Nobody has their eye on the bullseye at the center of “Arrow’s” fifth season more than the venerable superhero series’ executive producer and showrunner Wendy Mericle.

As Mericle reveals, Season Five poses the prospect of some serious change for Team Arrow, as its members have either moved on, have one foot out the door or, in Oliver’s particular case, find themselves struggling to effectively serve as both street crusader and Star City’s Mayor. But there are many fresh new faces – but also familiar ones to comic book fans – about to join the ongoing battle for justice.

RELATED: Diggle’s New Arrow Helmet Debuts in CW Video Promo

But the new costumed heroes are just the tip of the iceberg when it comes to Arrow’s evolution, Mericle promises in her wide-ranging conversation with CBR. In fact, by the end of the upcoming season, a full-blown reinvention will be imminent.

CBR: Wendy, let’s talk about the new faces you’re introducing in Season Five: these new, young vigilante heroes that may or may not end up as part of Team Arrow.
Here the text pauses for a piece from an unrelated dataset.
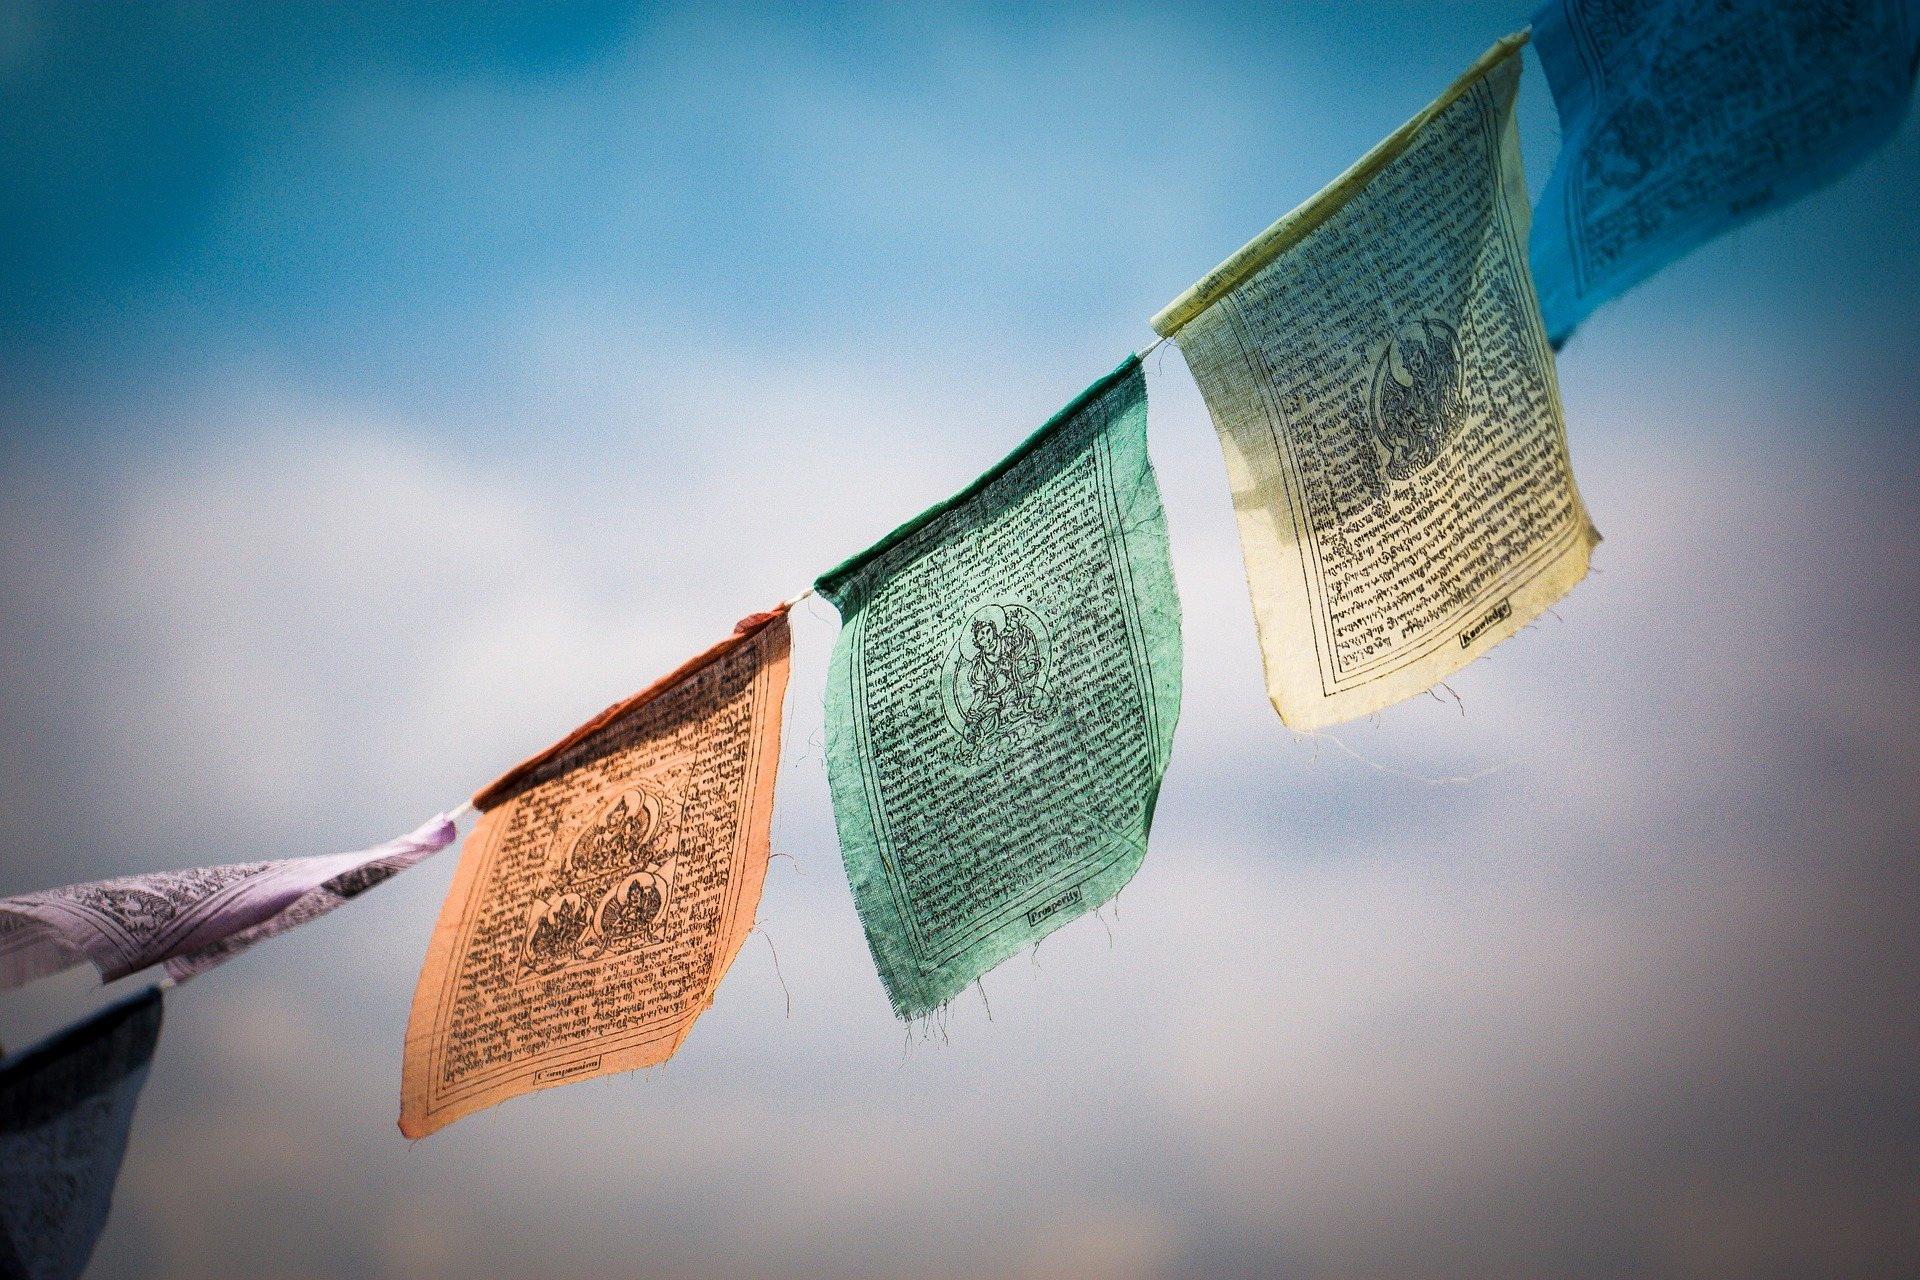 Tibetische Gebetsfahnen freie pixabay

First, The Vigilante, who I suspect may not be in the fold. He seems like he’s more of an outsider.

Wendy Mericle: He’s an outsider, yeah.

Tell me about the show’s take on him.

He’s an amazing character because he really throws in Oliver’s face the question of “Are you being effective?” He goes out and kills bad guys. He is who Oliver was when he came back from that island. Now that Oliver has evolved, and he has a different sense of his own morality, he’s got this guy coming in, and basically taking care of business in a way that he has decided a long time ago that he would not. So I think it raises some interesting questions for him, personally and morally.

And really, to the point of: if he’s there to save Star City, is he saving it by not taking these guys out? Actually, that gets into a sort of death penalty-esque moral grey area. These are interesting questions.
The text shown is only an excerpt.